Problem statement: Please repeat the whole listing exactly, but leave out any picture it holds.
Data extract START
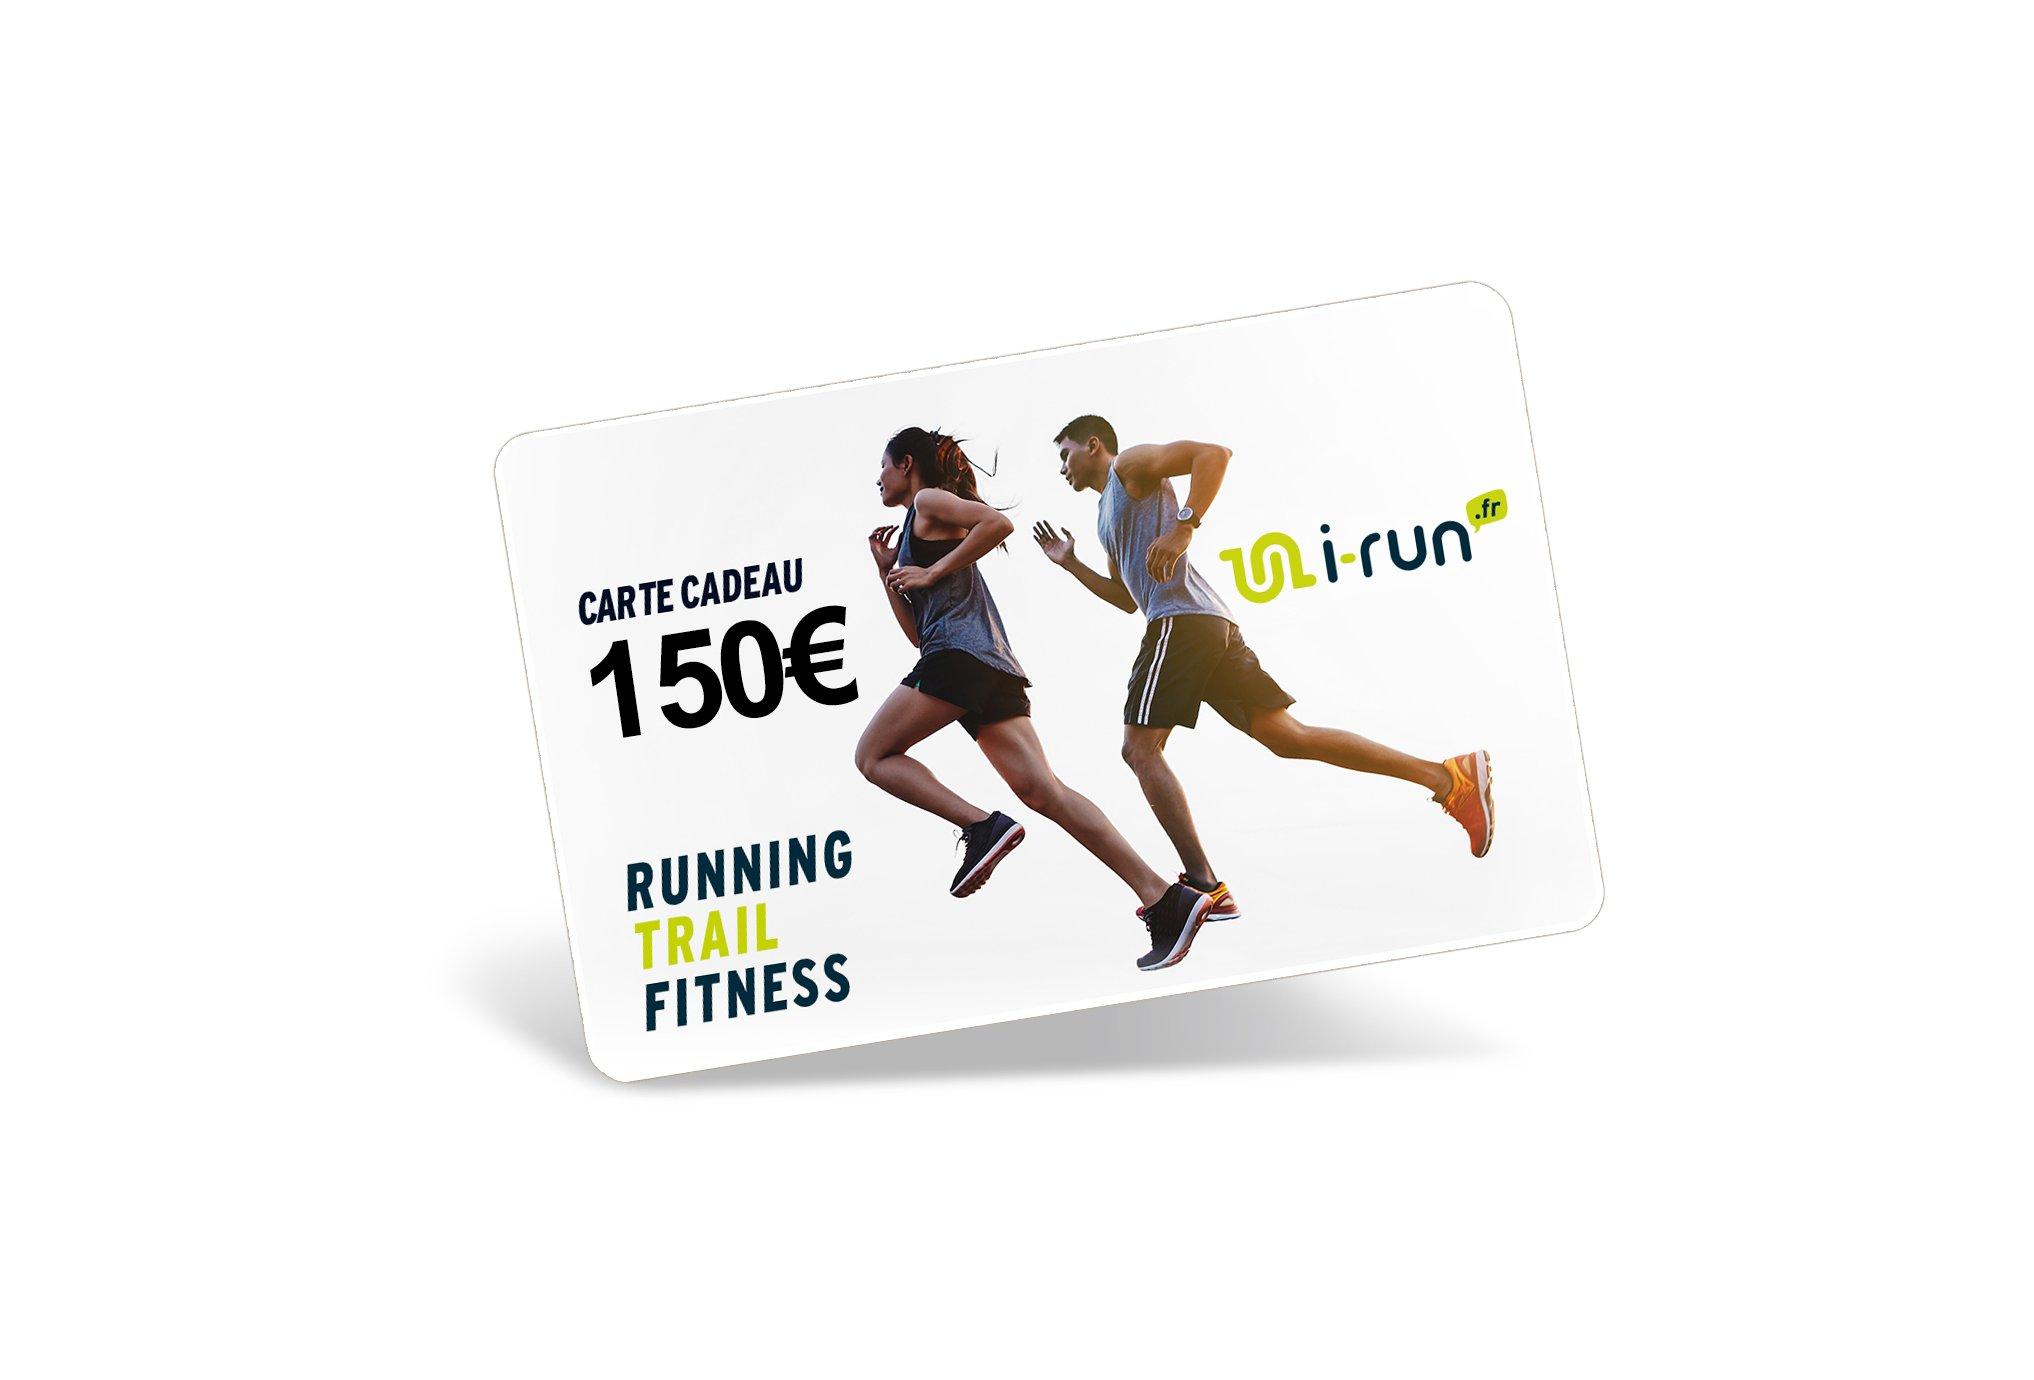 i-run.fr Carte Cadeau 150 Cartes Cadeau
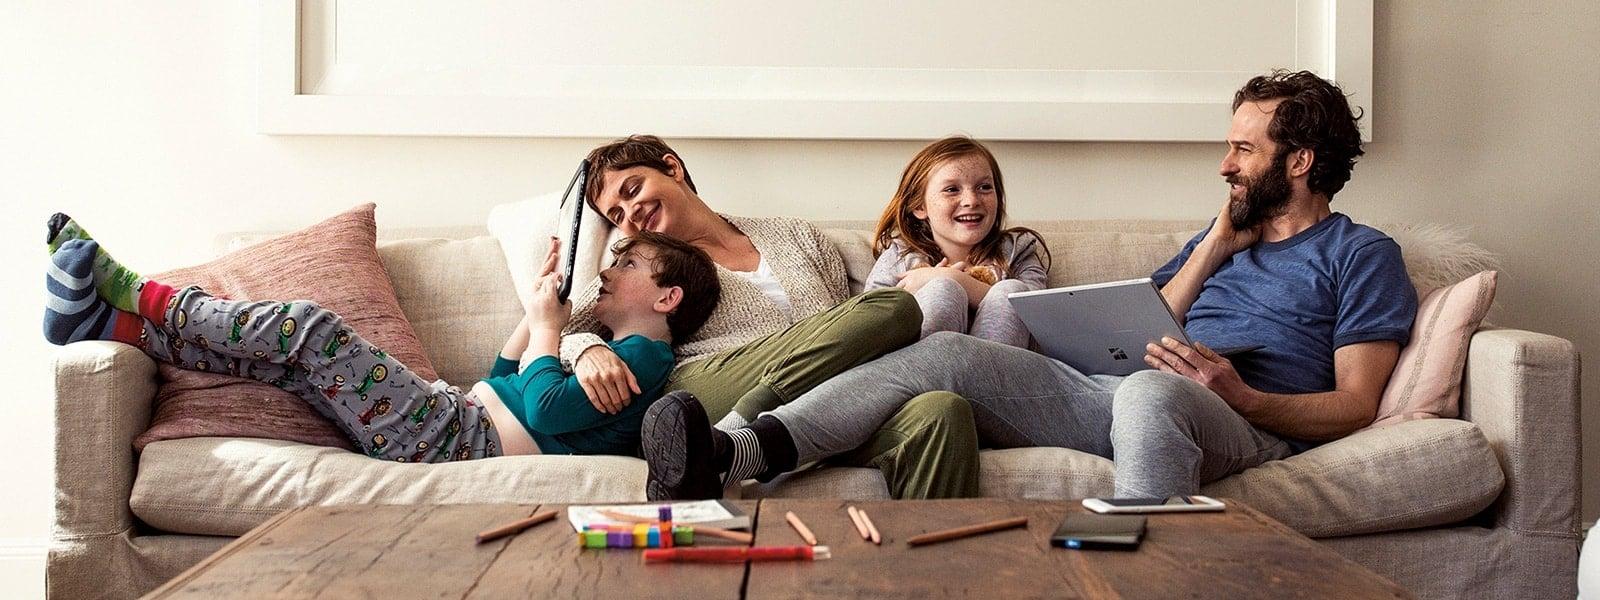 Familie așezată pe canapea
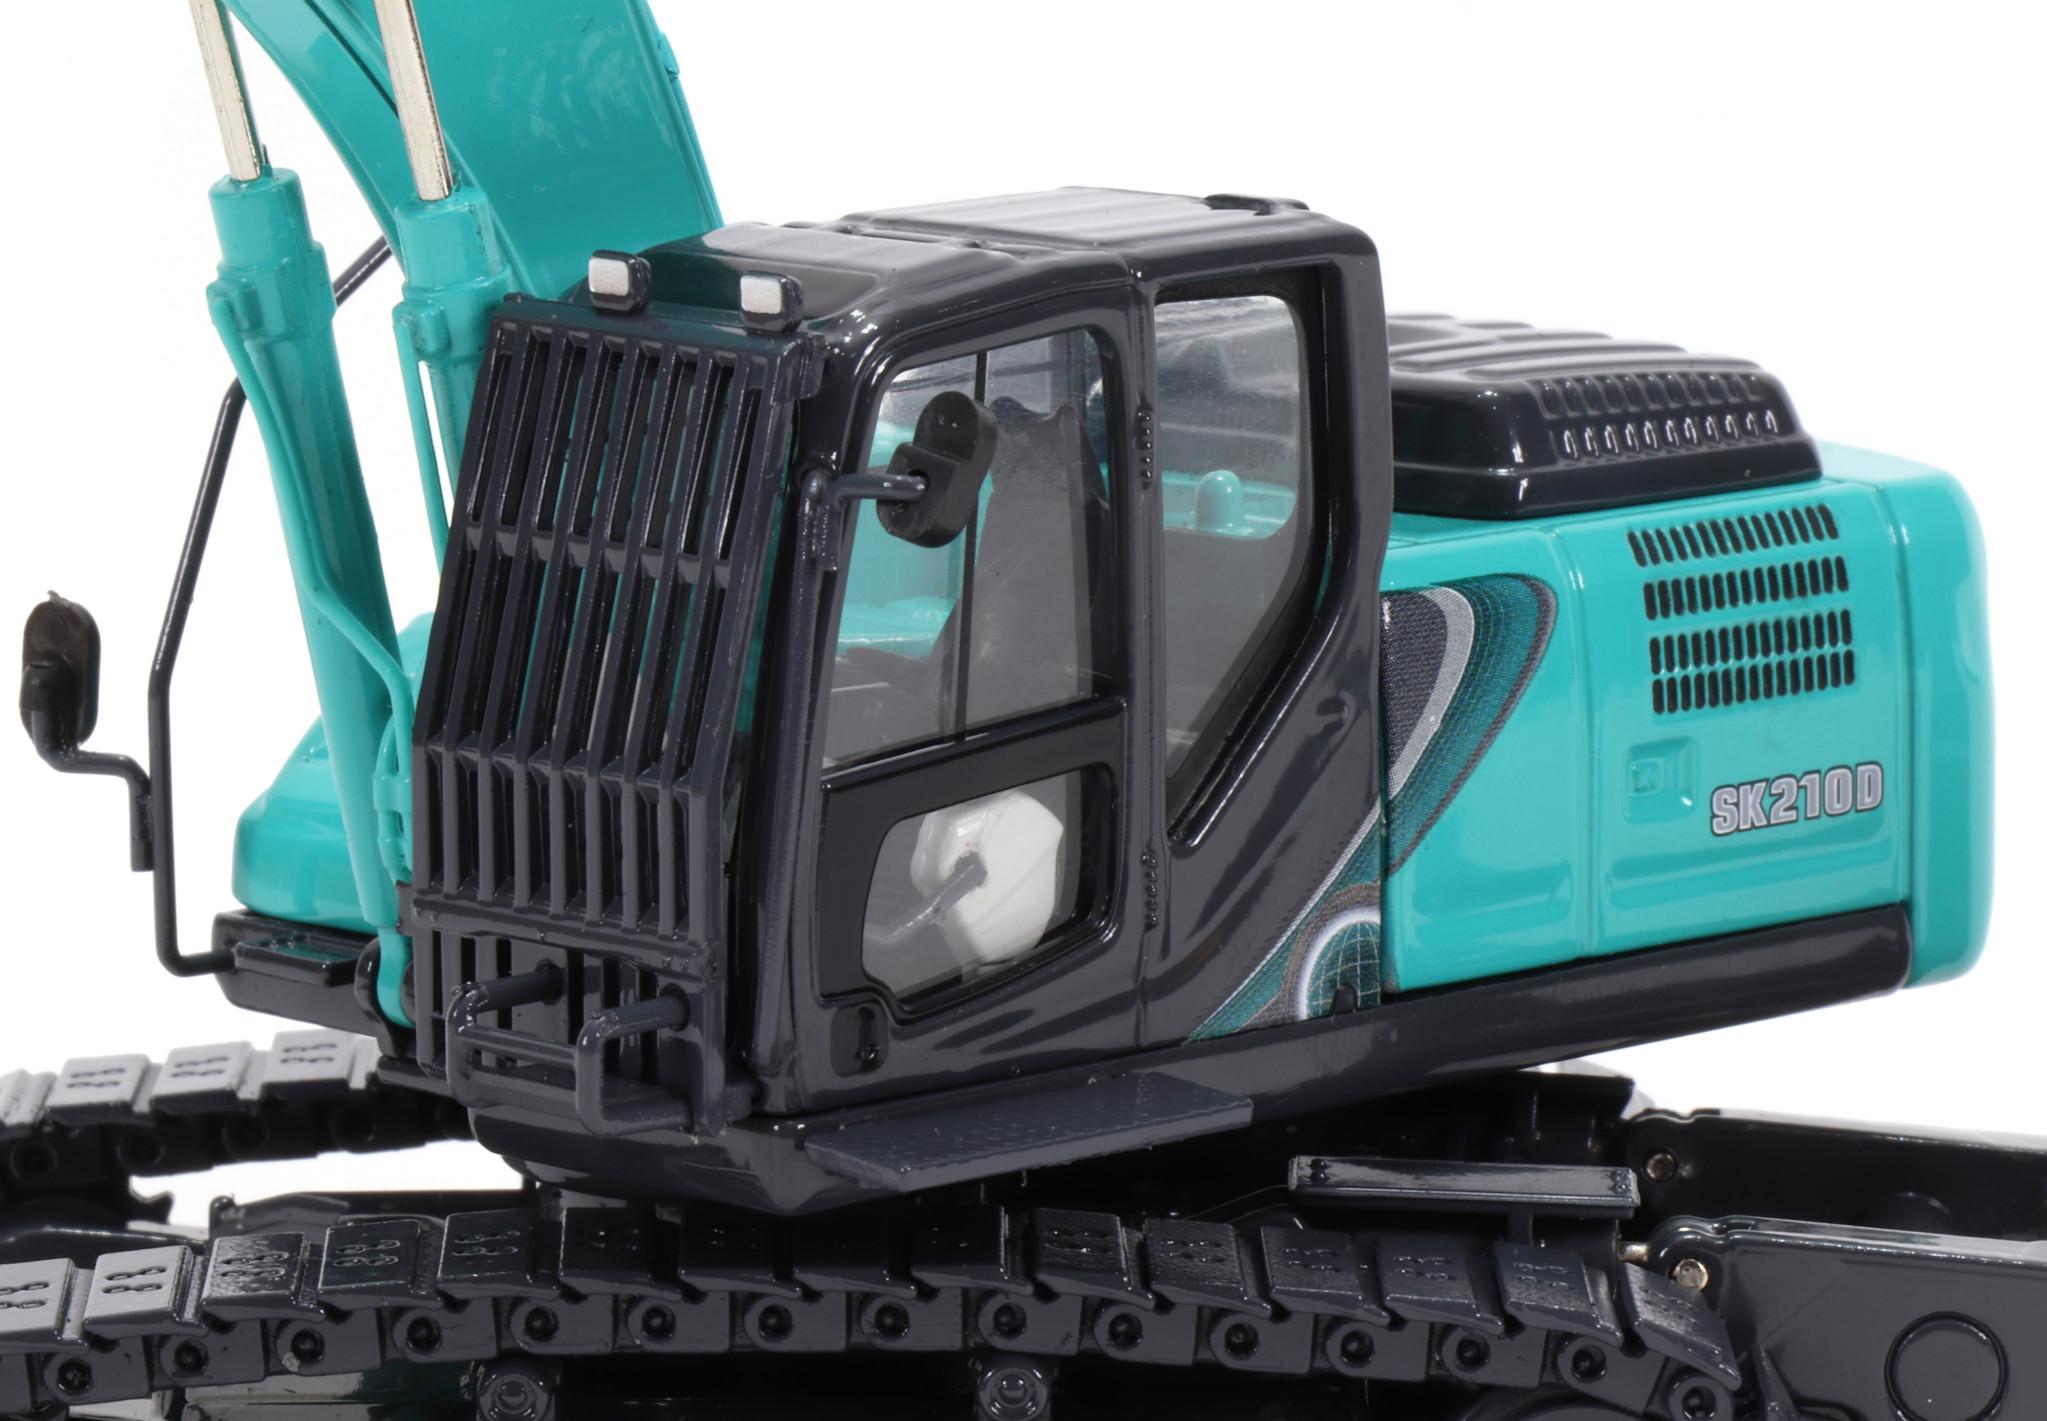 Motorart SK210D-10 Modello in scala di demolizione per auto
Data extract END
Answer to this task:
 i-run.fr Carte Cadeau 150 Cartes Cadeau
 Familie așezată pe canapea
 Motorart SK210D-10 Modello in scala di demolizione per auto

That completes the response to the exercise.